The South Dakota Department of Corrections is the agency that operates state prisons in the US state of South Dakota. It has its headquarters in Pierre.

Adult prisons

 Mike Durfee State Prison
 South Dakota State Penitentiary and its Jameson Annex
 South Dakota Women's Prison (inmate capacity 452)
 Rapid City Trustee Unit
 Yankton Trustee Unit

Juvenile corrections
The South Dakota corrections system includes the Juvenile Corrections System, its network of juvenile facilities.

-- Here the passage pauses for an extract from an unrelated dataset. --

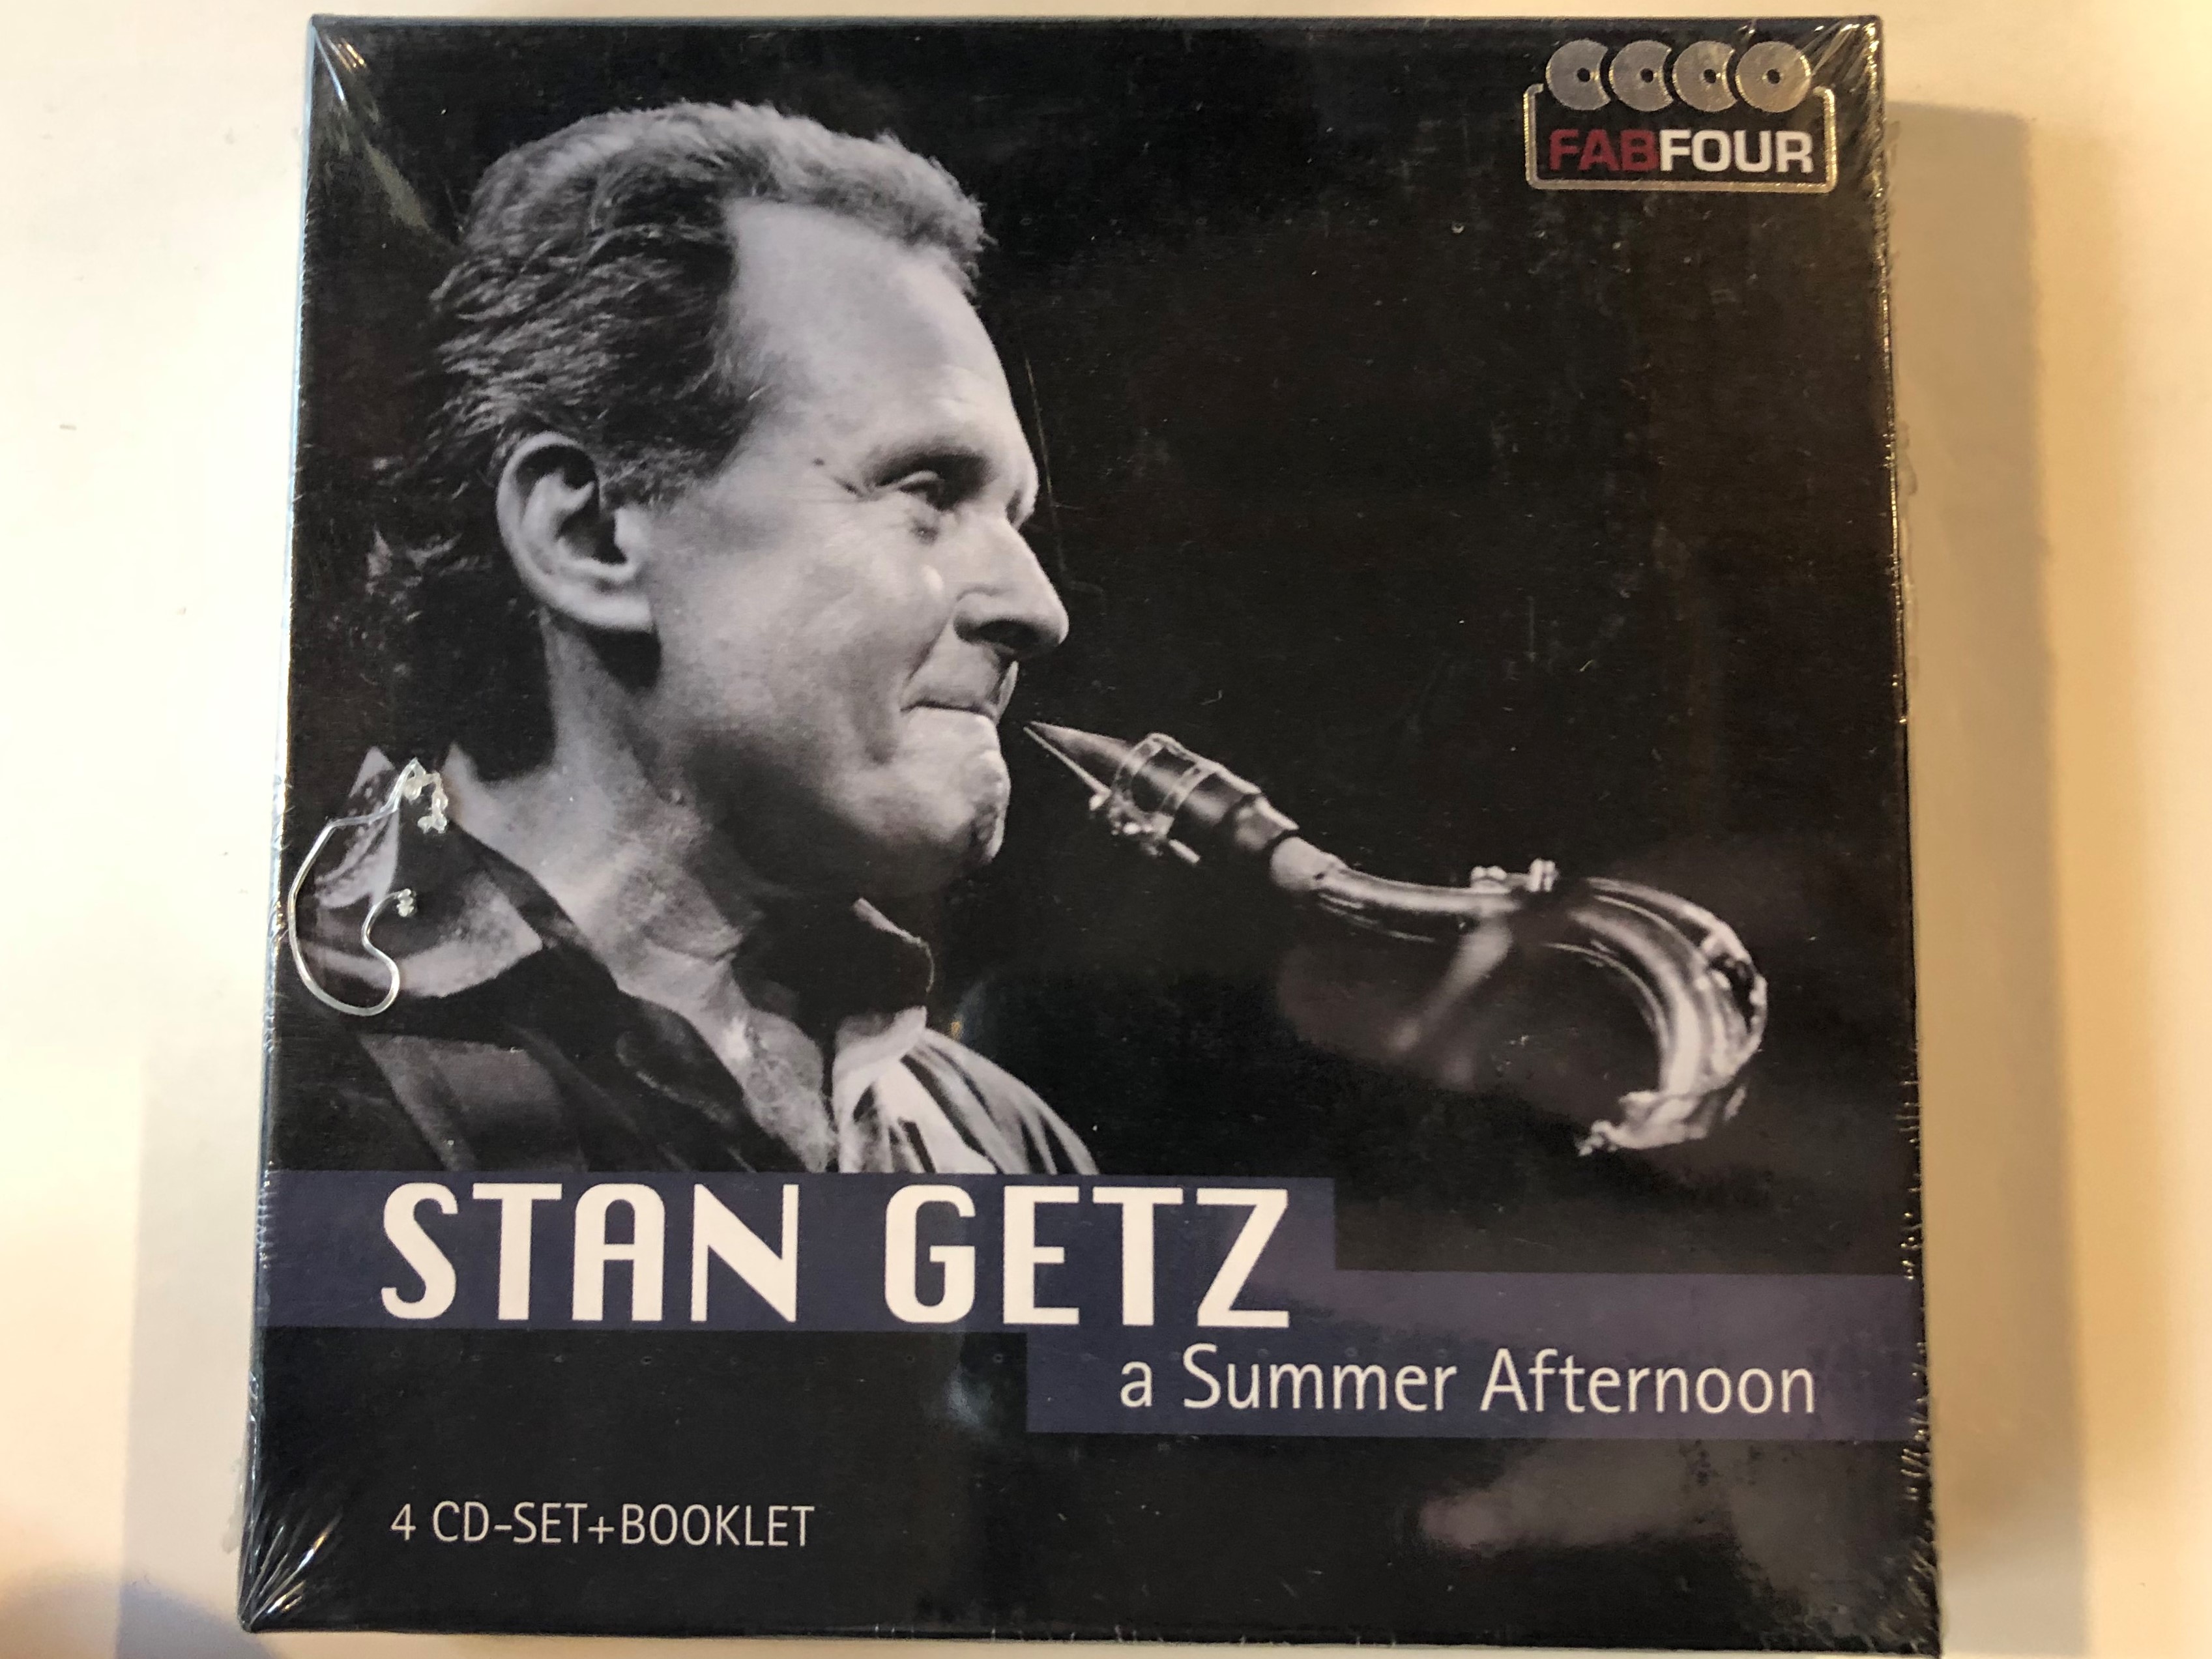 stan-getz-a-summer-afternoon-membran-music-ltd.-4x-audio-cd-set-booklet-mono-stereo-233337-1-.jpg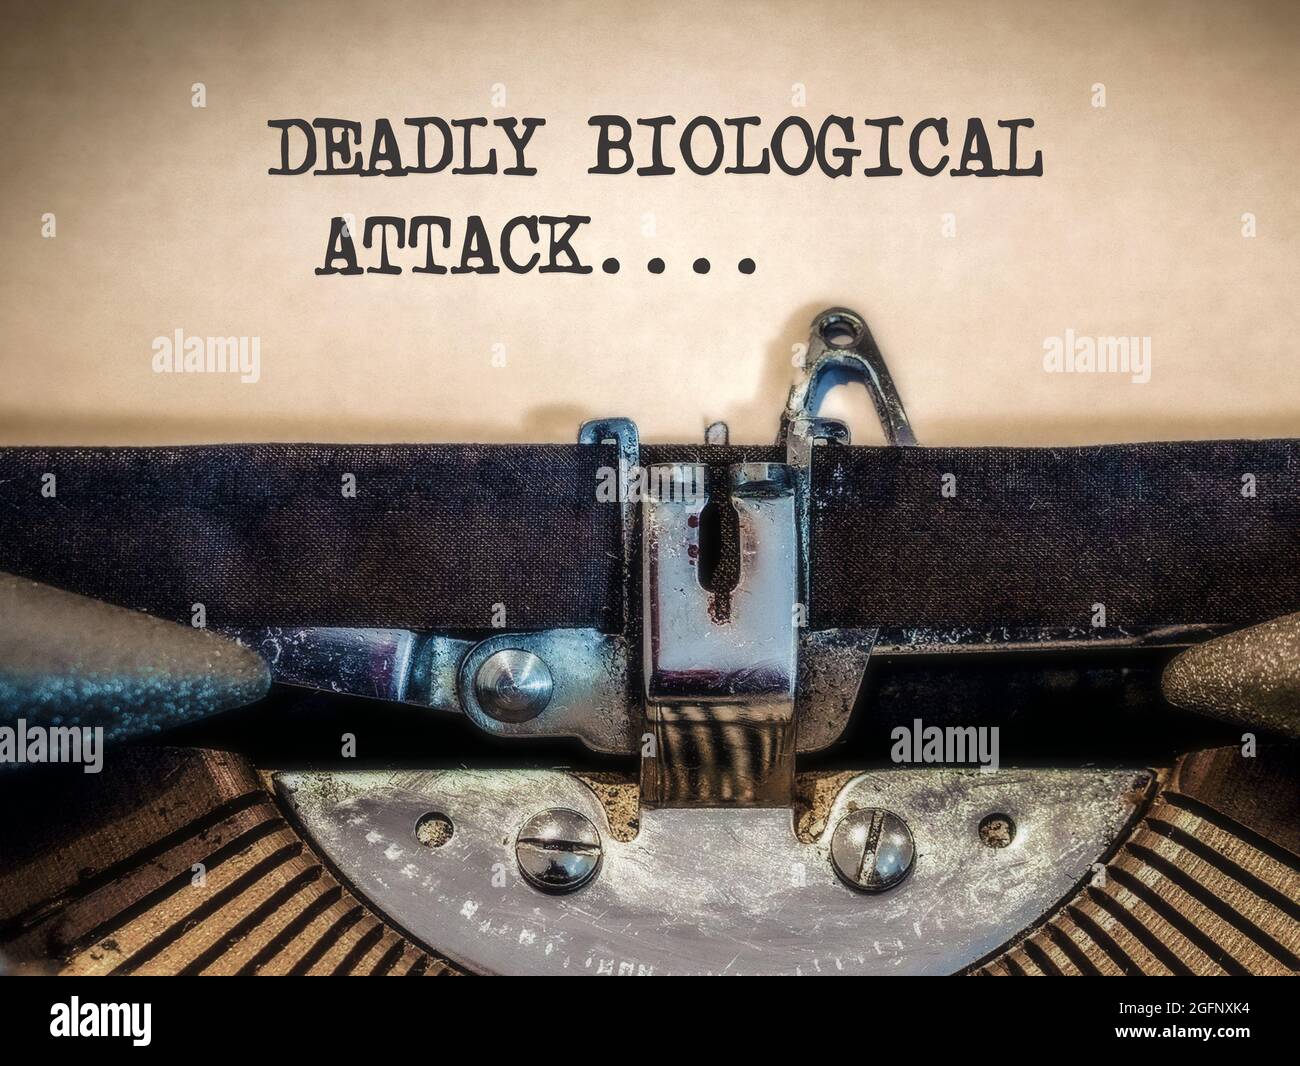 Ataque biológico mortal, Typewriter, Story, News Foto de stock

The State Treatment and Rehabilitation Academy (STAR Academy) is located in unincorporated Custer County,  south of Custer on U.S. Highway 385. STAR Evergreen High School serves as the middle and high school for delinquent youth. The STAR campus includes several units. The STAR Admissions Unit processes new arrivals. The Youth Challenge Center and the Patrick H. Brady Academy serve young men. The QUEST and Excel programs serve young women.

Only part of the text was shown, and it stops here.